日本の受験勉強をしたことがないボクには、日本の受験教育の限界がときどき不思議に見える。
食べることにたとえると、子どもは最初、口を開けていれば親が食べ物を運んでくれる。
次に、自分でスプーンを持って食べるようになる。
その次は、自分で料理する。
さらに大人になれば、何を食べるかを自分で決め、必要なら材料も自分で手に入れる。
学ぶことも同じだと思う。
ところが受験勉強では、高校生になっても、
「これを覚えなさい」
「ここが試験範囲です」
「これが正解です」
と、食べるものが次々と口元まで運ばれてくる。
もちろん、先生たちは生徒を受け身にしようとしているわけではないと思う。
自分で勉強しなさい。
自分で計画を立てなさい。
とも言う。
でも、それはまだ、
「用意された食べ物を、自分でスプーンを持って食べる」
練習なのかもしれない。
何を学ぶのか。
なぜ学ぶのか。
自分には何が足りないのか。
どこへ行きたいのか。
そのためには何を身につければいいのか。
そこから自分で考えることとは、少し違う。
だからボクは授業で、テストを100点すべて授業から出すことはしたくない。
80点は授業から出す。
残り20点は、授業以外から出す。
80点分の食べ物はこちらで用意する。
でも残り20点は、
自分で獲ってこい。
本を読んでもいい。
誰かに聞いてもいい。
自分で調べてもいい。
授業で習ったことから推測してもいい。
その20点で見たいのは、知識の量だけではない。
「教わっていないから、できません」
で止まるのか。
それとも、
「教わっていない。

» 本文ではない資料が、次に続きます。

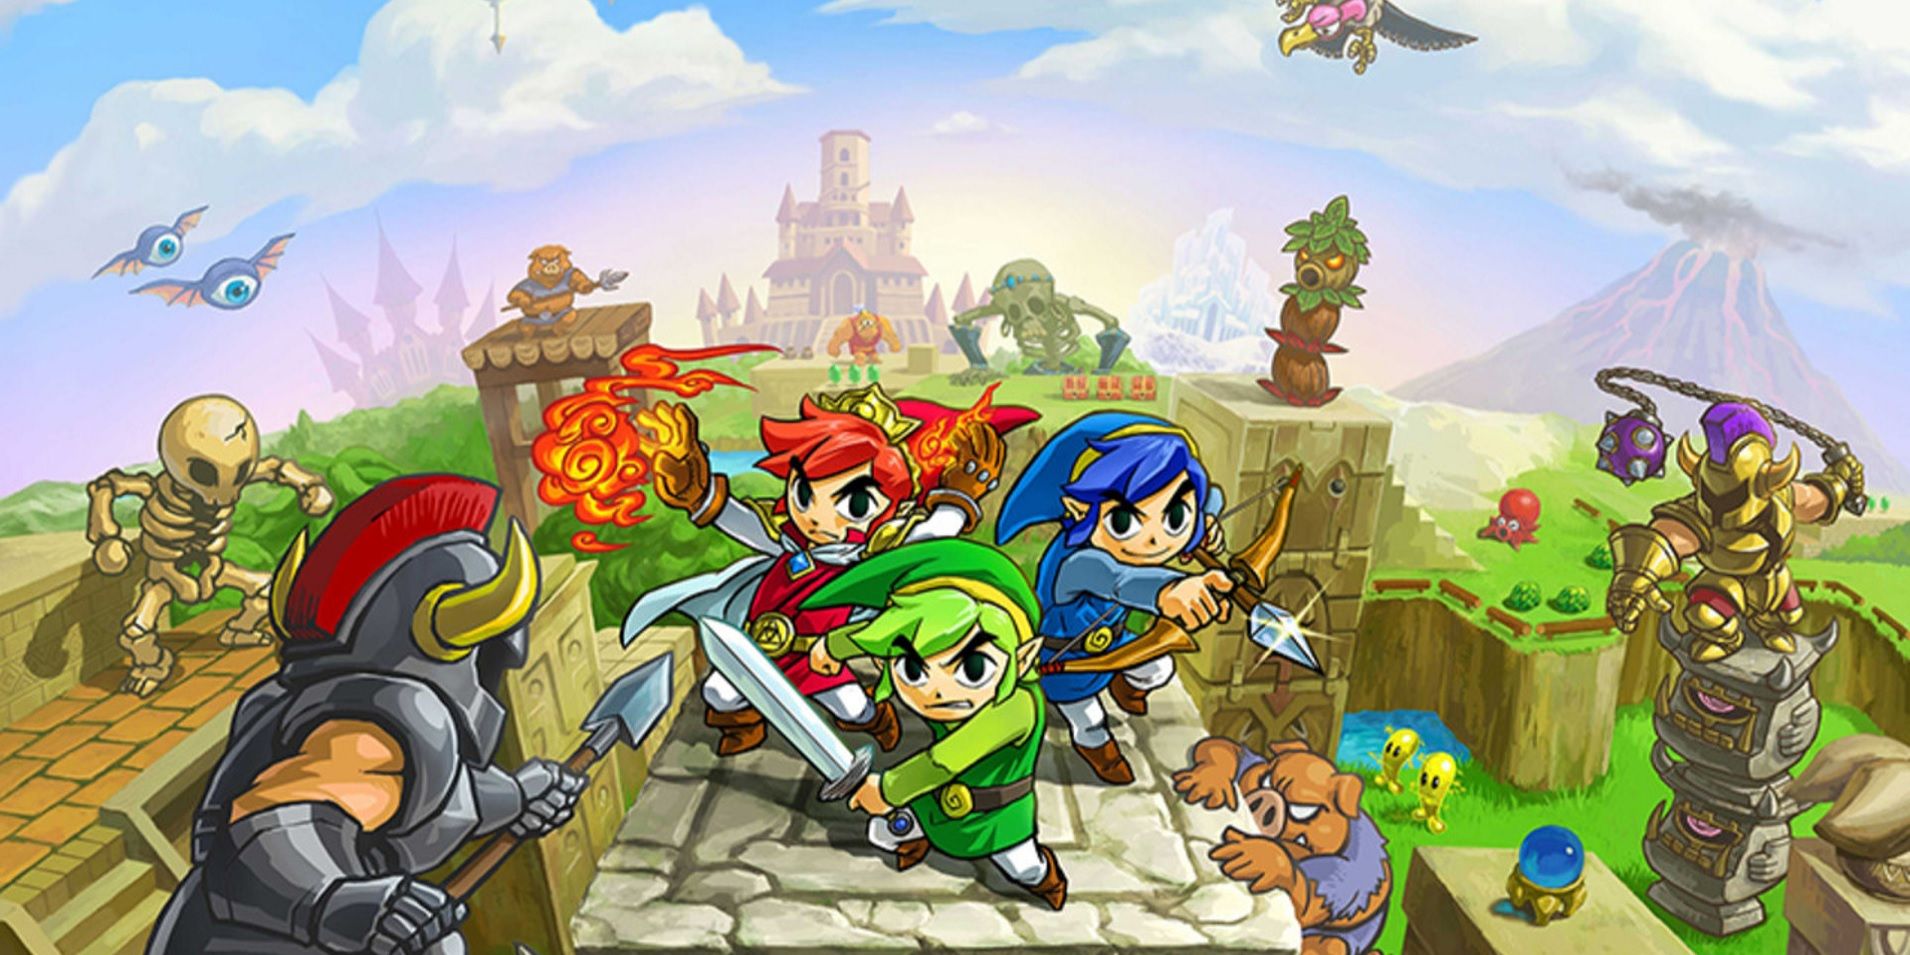 Triforce Heroes Cover Art With Three Links

じゃあ、どうやって手に入れよう?」
と動き始めるのか。
社会に出れば、試験範囲を教えてくれる人はいない。
教科書もなければ、巻末の模範解答もない。
だから教育の目的は、いつまでも上手に食べさせることではないと思う。
最終的には、
誰も食卓に並べてくれなくても、自分で食べ物を探し、自分で料理し、自分で食べていけるようにすること。
80点と20点の境目は、その練習のためにある。